Ancient Moon Impact Reveals Mysterious Trenches

The far side of the moon holds secrets about its mysterious trenches near the south pole. Recent findings suggest that these massive formations, comparable in size to the Grand Canyon, likely took shape in just minutes. Scientists believe they were sculpted by an ancient impact billions of years ago.

According to David Kring of the Lunar and Planetary Institute, the immense forces unleashed by this event hurled massive amounts of rocky debris across the lunar surface. Computer simulations point to a catastrophic event that occurred about 3.8 billion years ago, involving a 15-mile-wide space rock releasing energy equivalent to 130 times the global stockpile of nuclear weapons in under 10 minutes.

The impact tore two canyons, each stretching around 170 miles in length. Data from NASA’s Lunar Reconnaissance Orbiter revealed that boulders sped across the moon at nearly 2,200 miles per hour. Straight-line features near the Schrödinger impact basin trace the path of these ejected fragments.

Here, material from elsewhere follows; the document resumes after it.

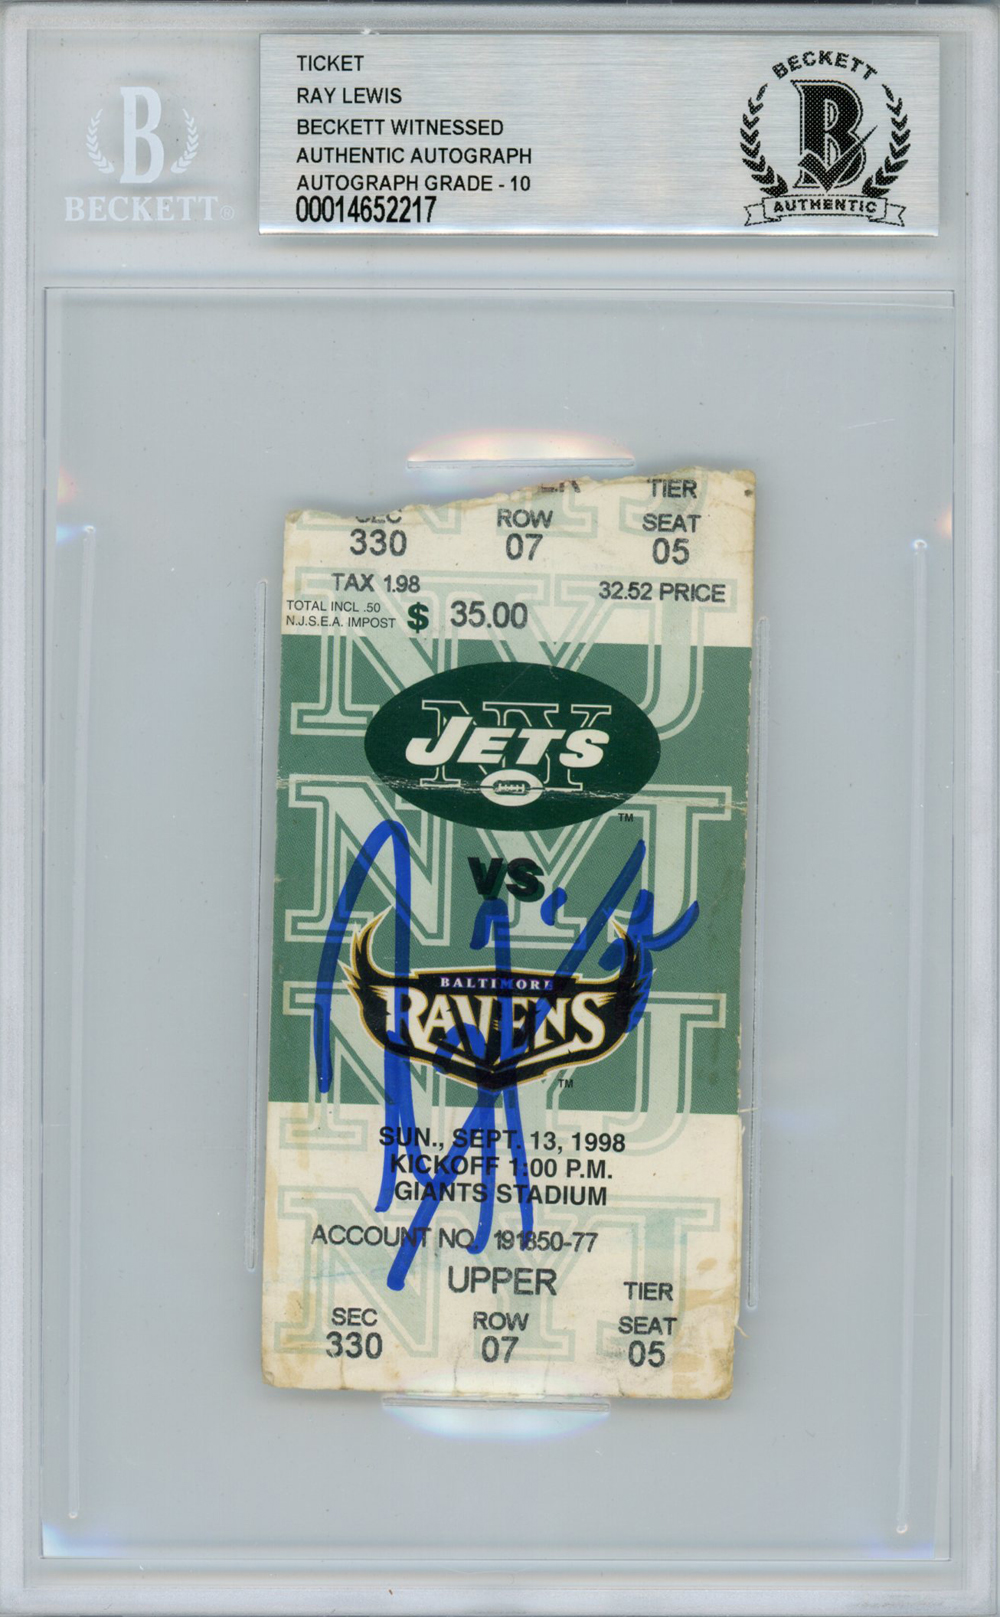 Ray Lewis Autographed/Signed 9/13/1998 vs Jets Ticket Beckett Slab
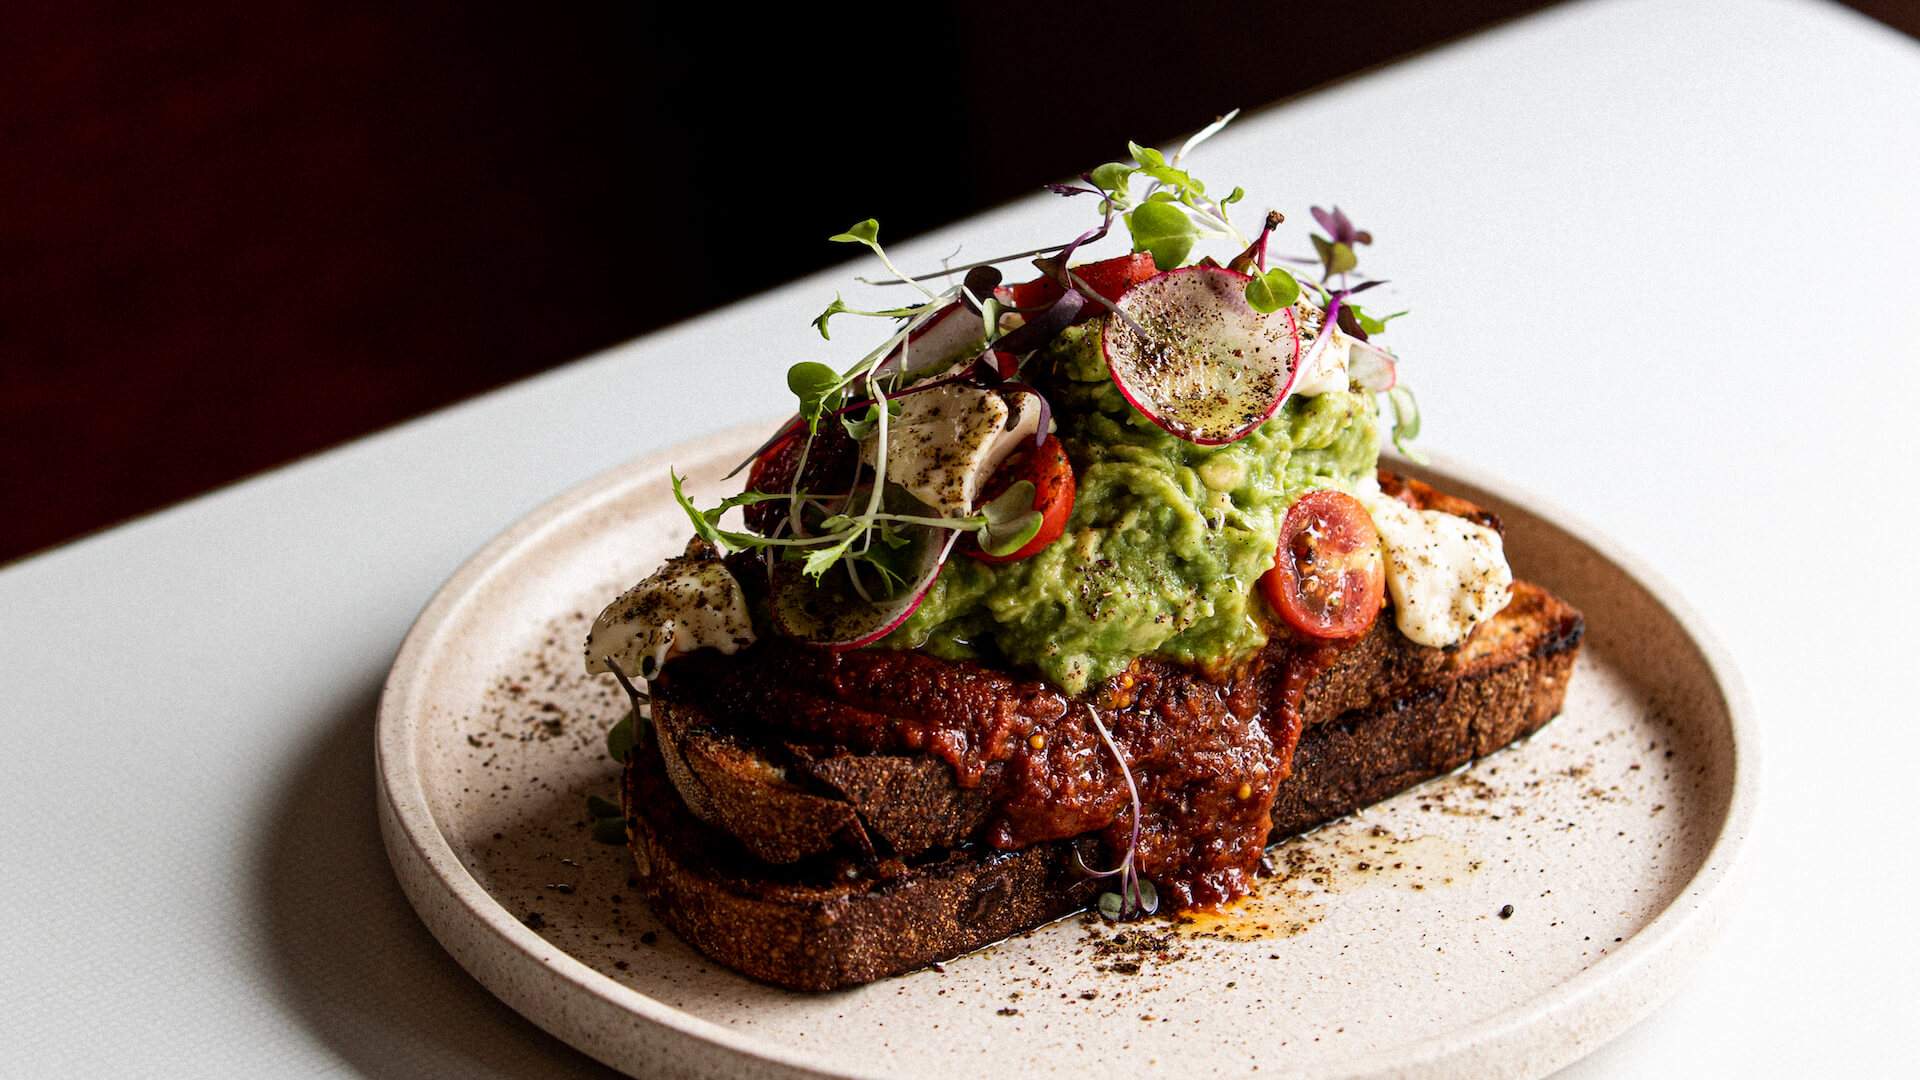 avocado on toast from Terror Twilight - one of the best cafes in Melbourne

Researchers believe that this ancient collision triggered a surge of asteroids directed toward the inner solar system and shifted the orbits of Jupiter, Saturn, Uranus, and Neptune. The Artemis program aims to send astronauts to the moon’s polar region for the first time since the 1970s, potentially collecting core samples from these deep sites.

The study published in Nature Communications sheds light on the moon’s formation after a huge object struck Earth in the distant past, leaving behind the natural satellite we see today. The discovery highlights the value of studying ancient surfaces and could refine our knowledge of lunar geology and the origins of rocky bodies across the solar system.